Information supplied ::
# # # # #
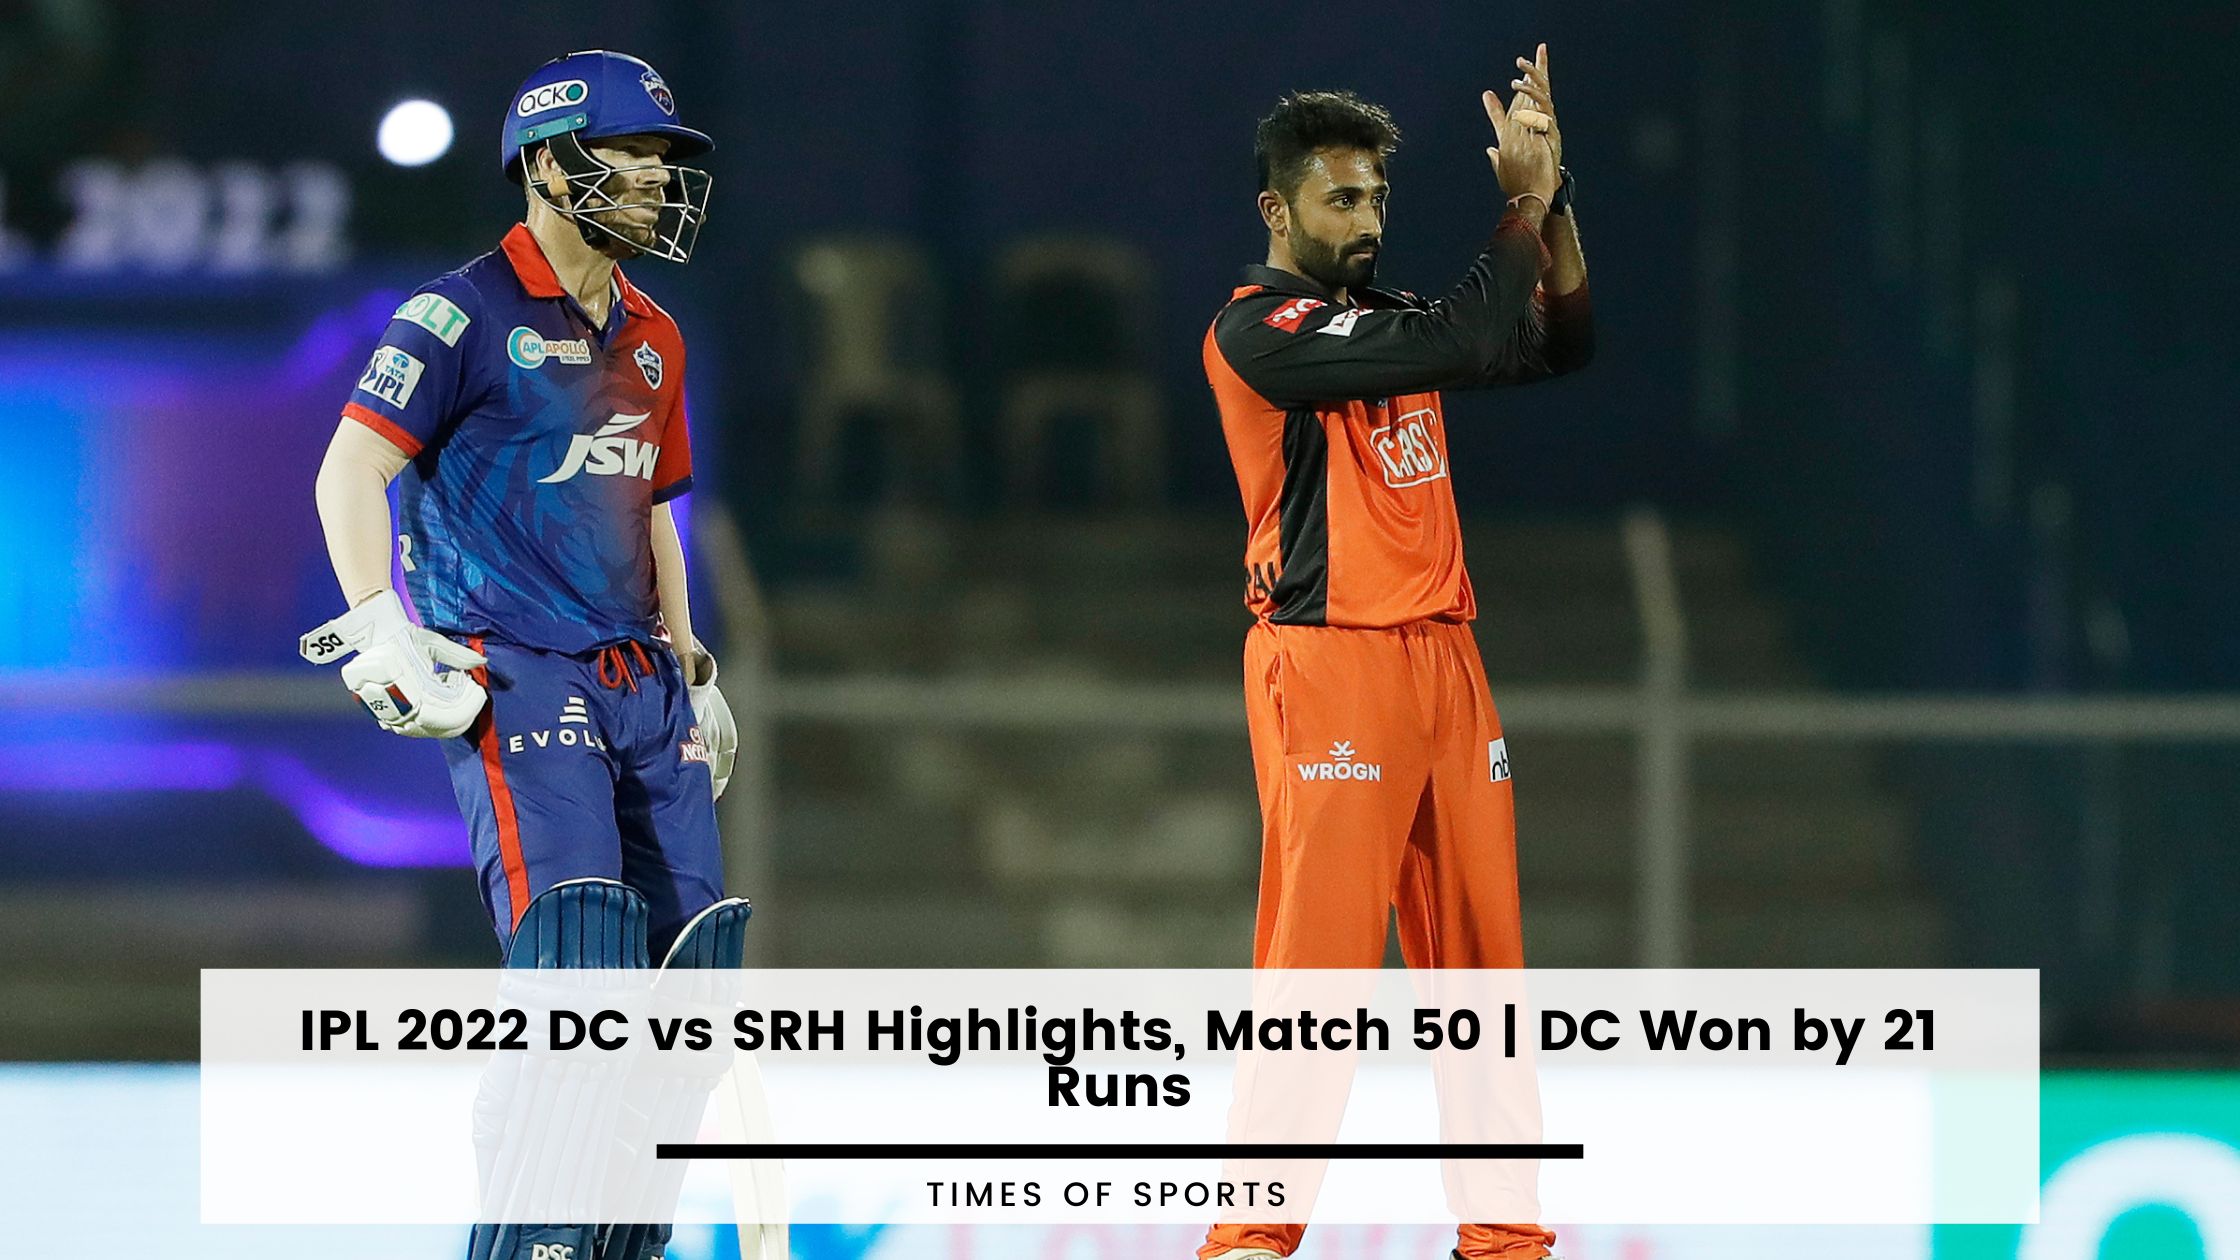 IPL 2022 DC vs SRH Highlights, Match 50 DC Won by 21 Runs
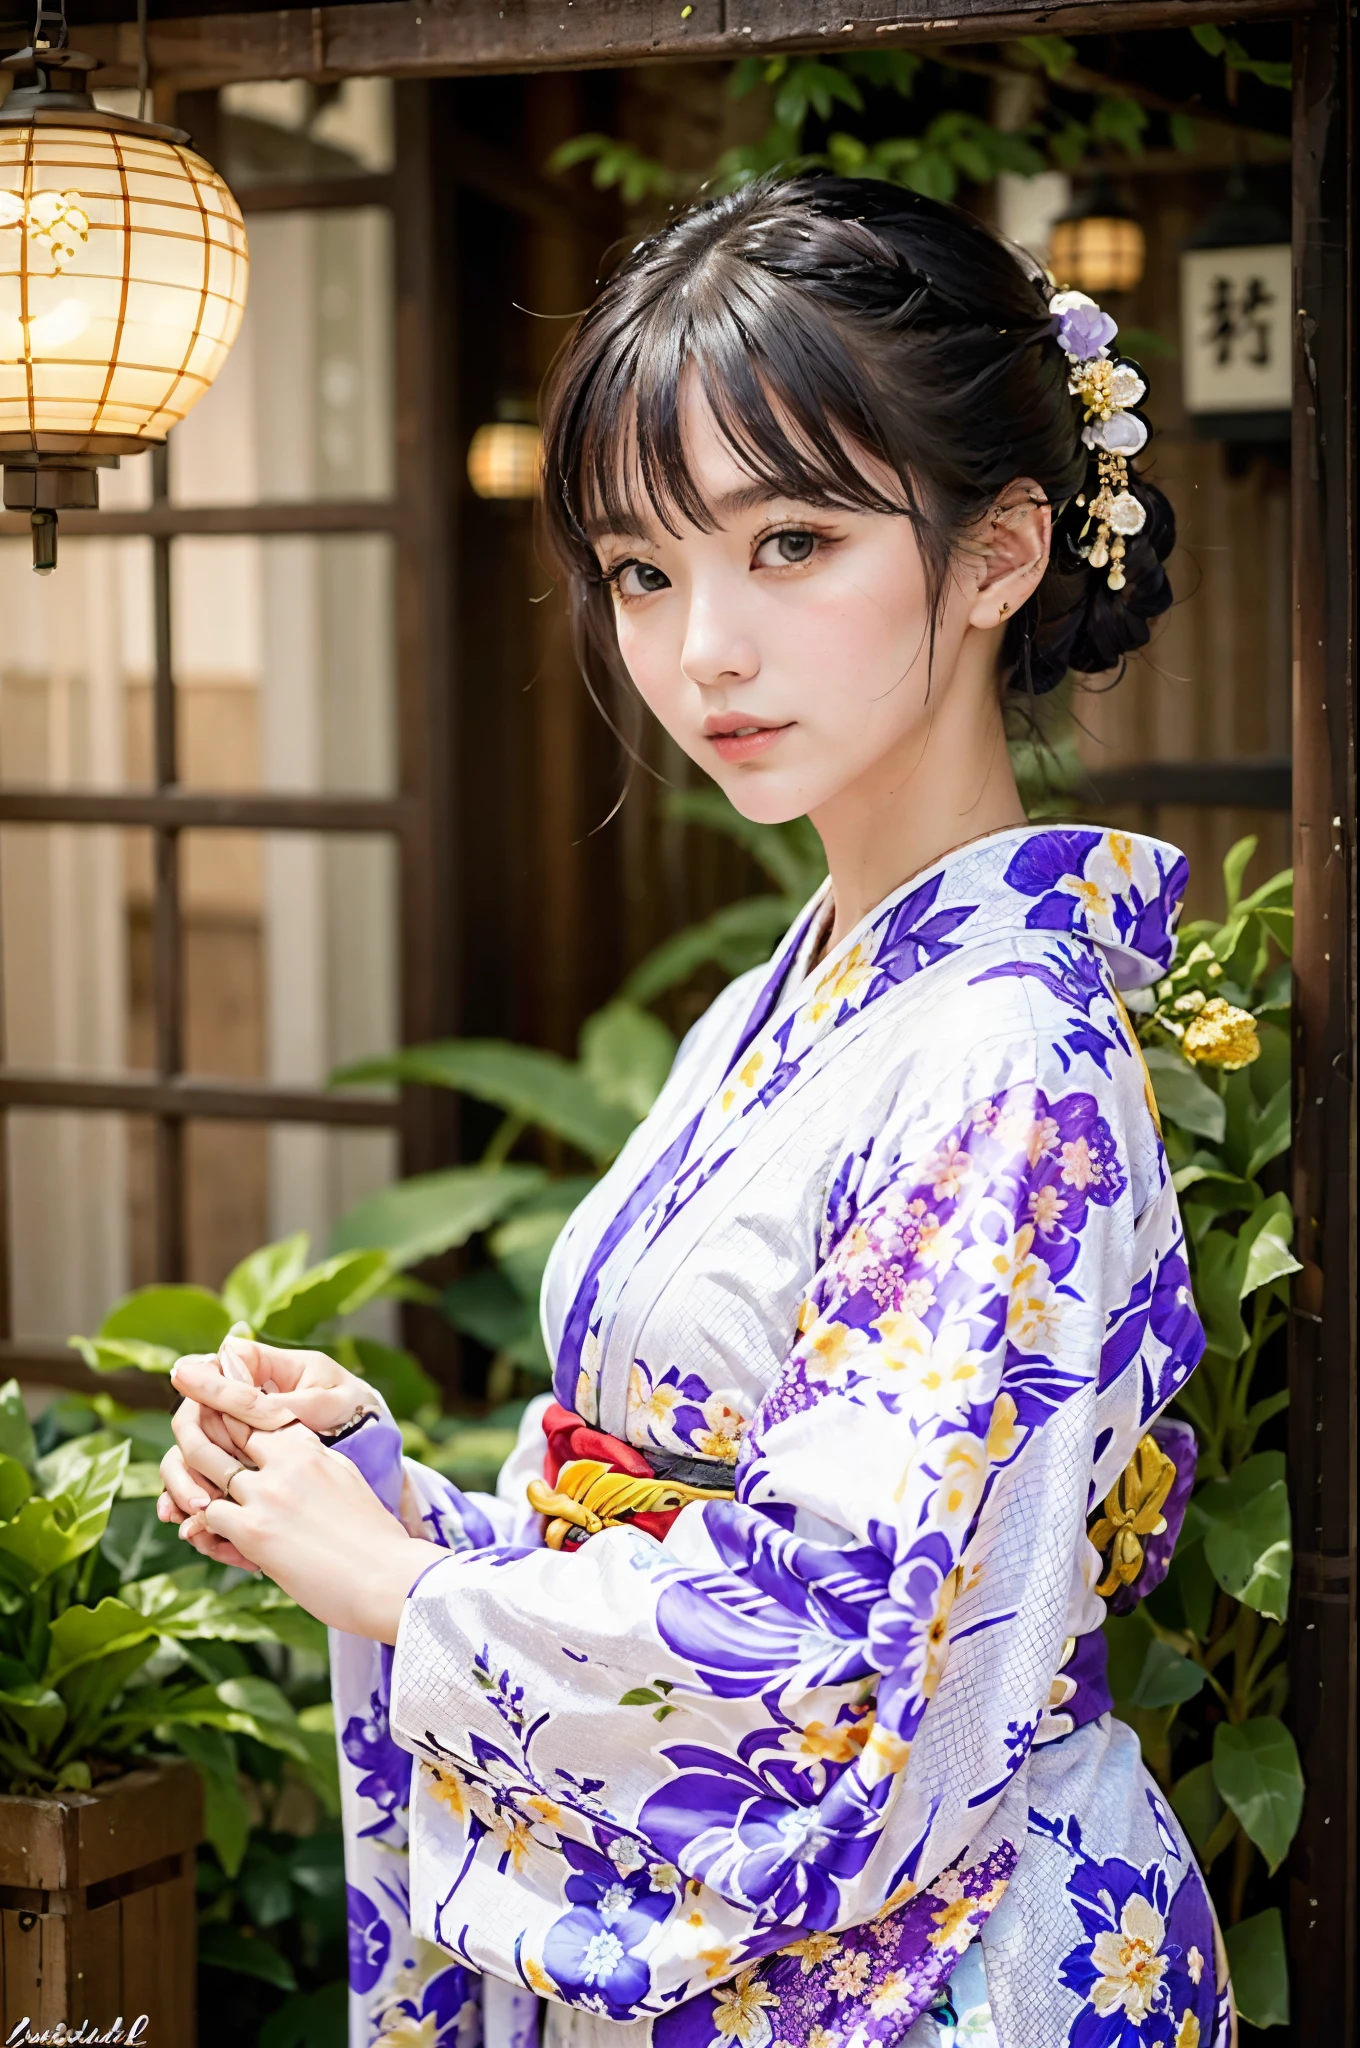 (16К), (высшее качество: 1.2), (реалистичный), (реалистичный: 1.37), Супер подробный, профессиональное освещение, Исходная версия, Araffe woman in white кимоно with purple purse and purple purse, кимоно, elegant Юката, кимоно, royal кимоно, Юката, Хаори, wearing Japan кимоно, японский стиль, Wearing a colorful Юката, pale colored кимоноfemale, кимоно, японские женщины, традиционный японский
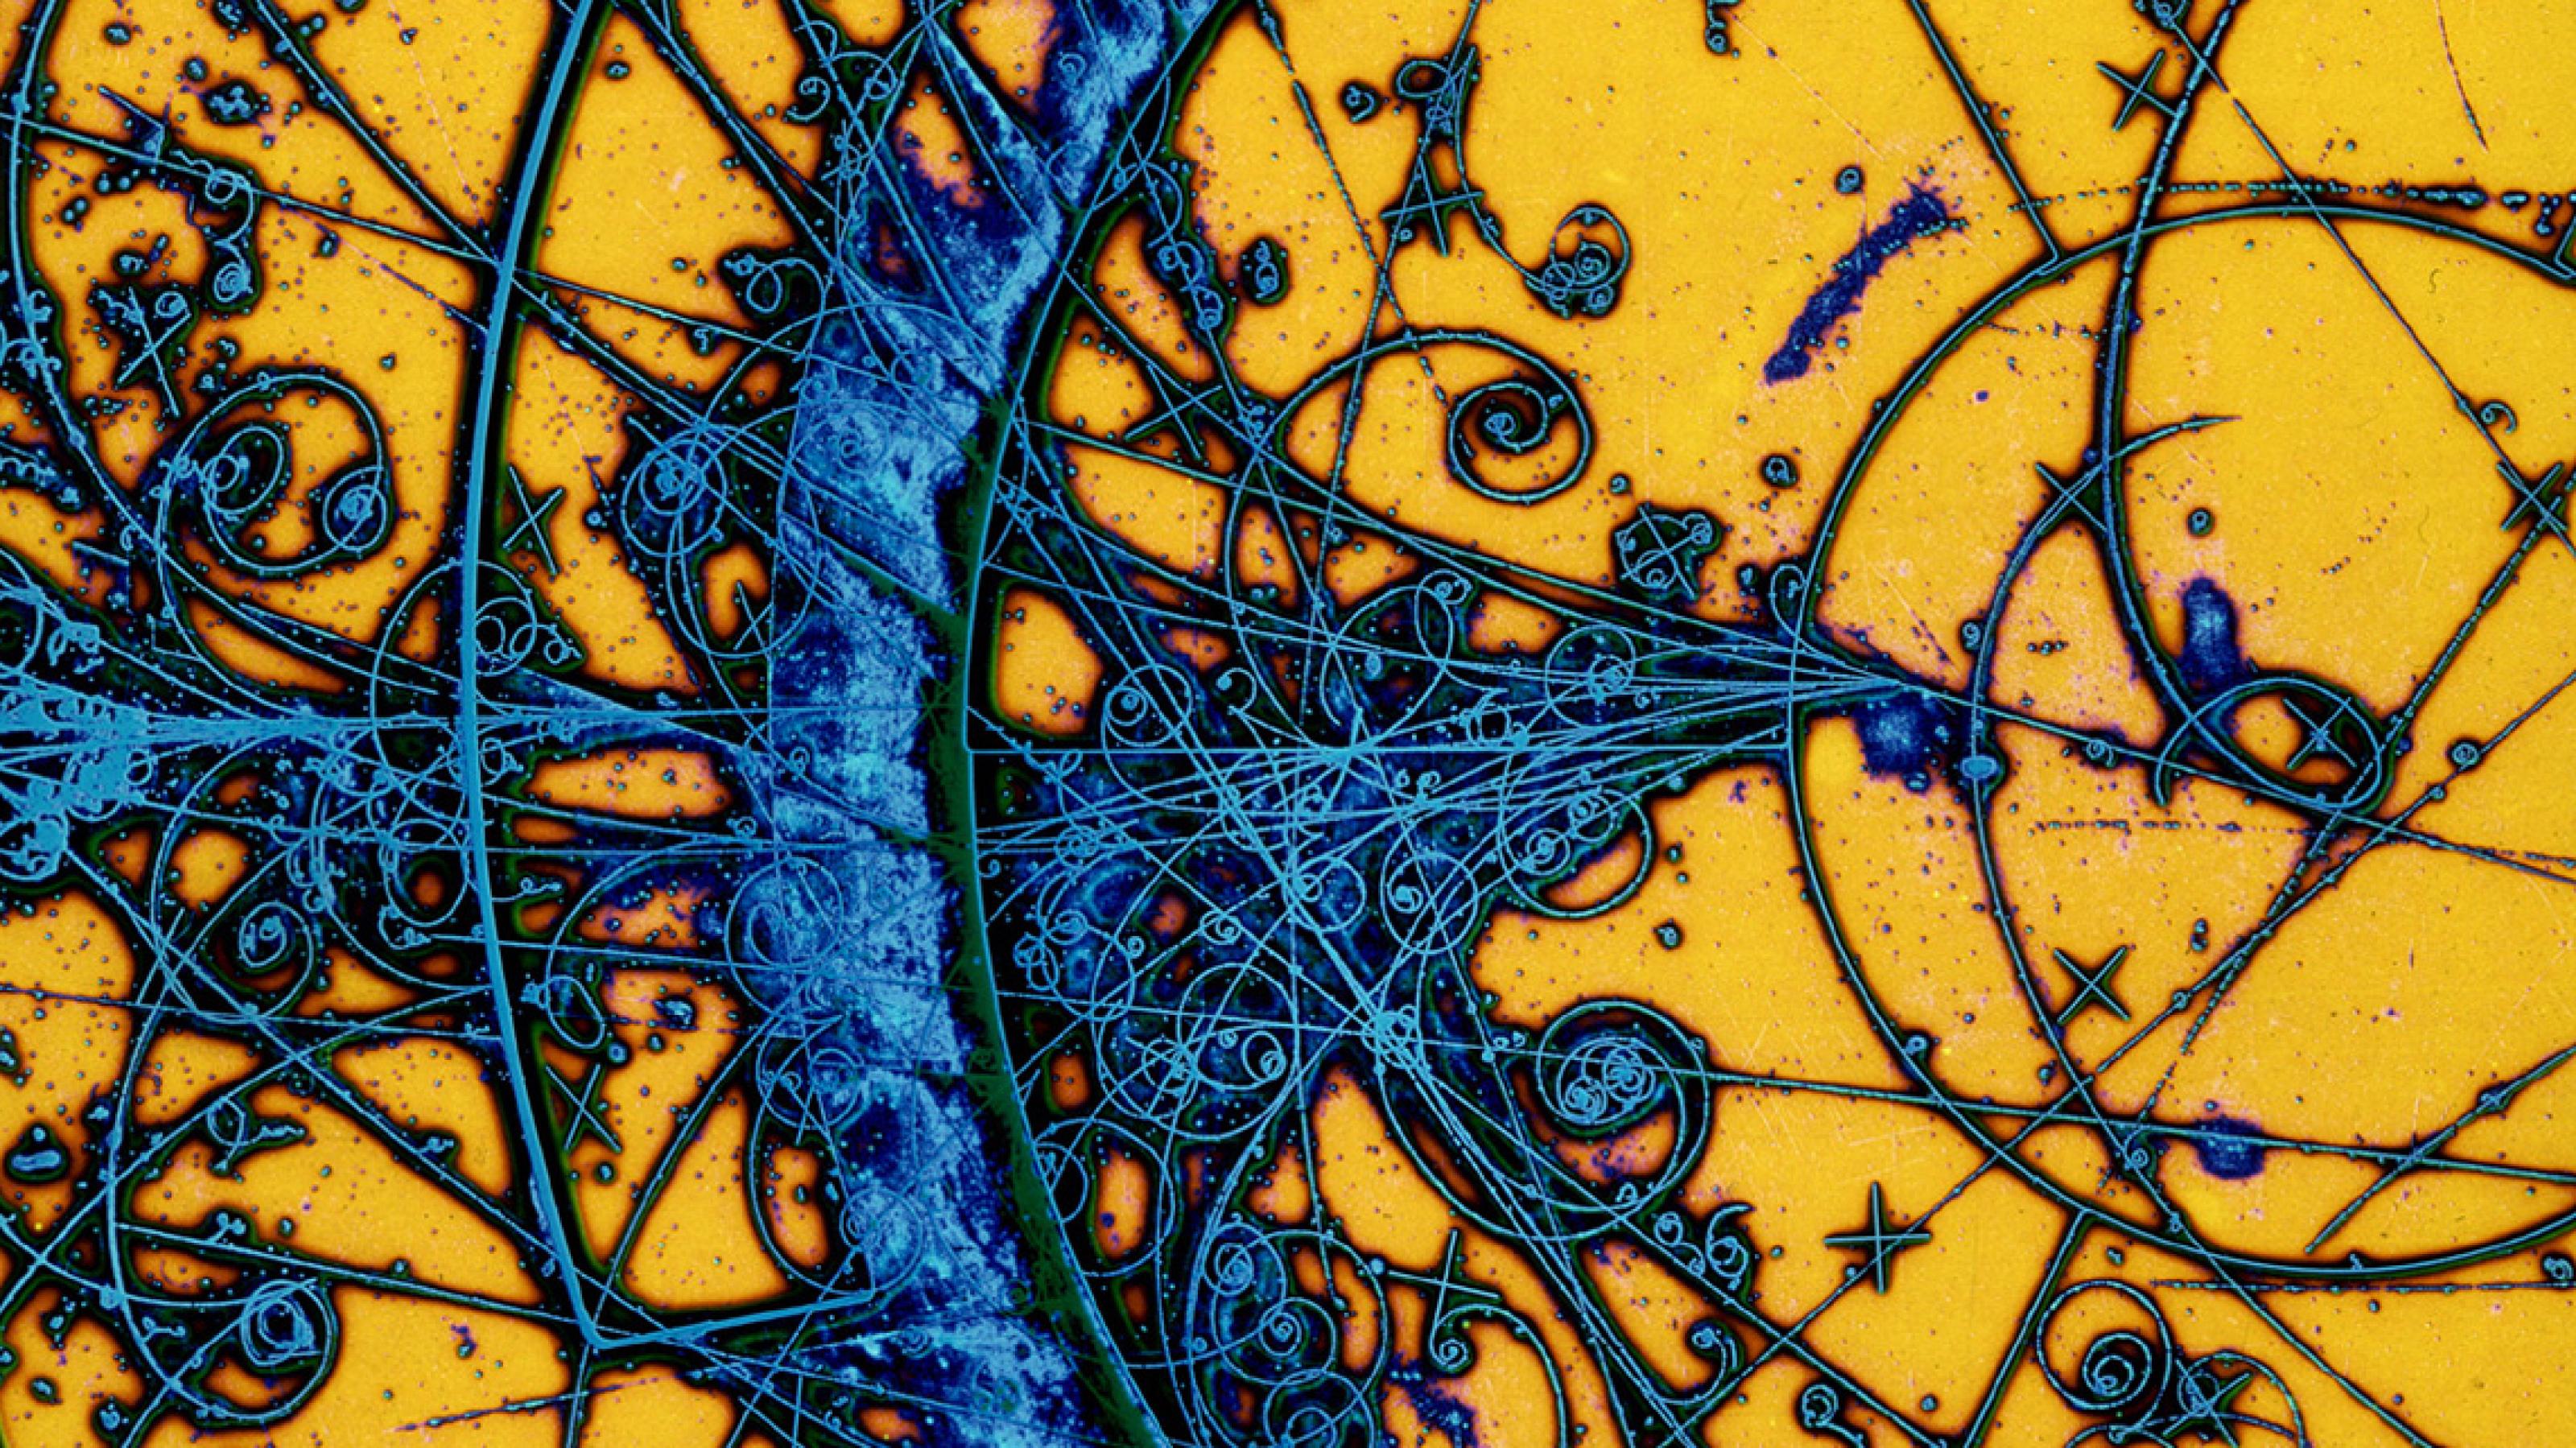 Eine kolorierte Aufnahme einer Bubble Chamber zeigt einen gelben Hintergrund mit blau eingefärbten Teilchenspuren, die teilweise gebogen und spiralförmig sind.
# # # # #
Task to carry out :: Line by line, write out the material exactly, leaving the images out.

Solution to the exercise ::
 IPL 2022 DC vs SRH Highlights, Match 50 DC Won by 21 Runs
 (16К), (высшее качество: 1.2), (реалистичный), (реалистичный: 1.37), Супер подробный, профессиональное освещение, Исходная версия, Araffe woman in white кимоно with purple purse and purple purse, кимоно, elegant Юката, кимоно, royal кимоно, Юката, Хаори, wearing Japan кимоно, японский стиль, Wearing a colorful Юката, pale colored кимоноfemale, кимоно, японские женщины, традиционный японский
 Eine kolorierte Aufnahme einer Bubble Chamber zeigt einen gelben Hintergrund mit blau eingefärbten Teilchenspuren, die teilweise gebogen und spiralförmig sind.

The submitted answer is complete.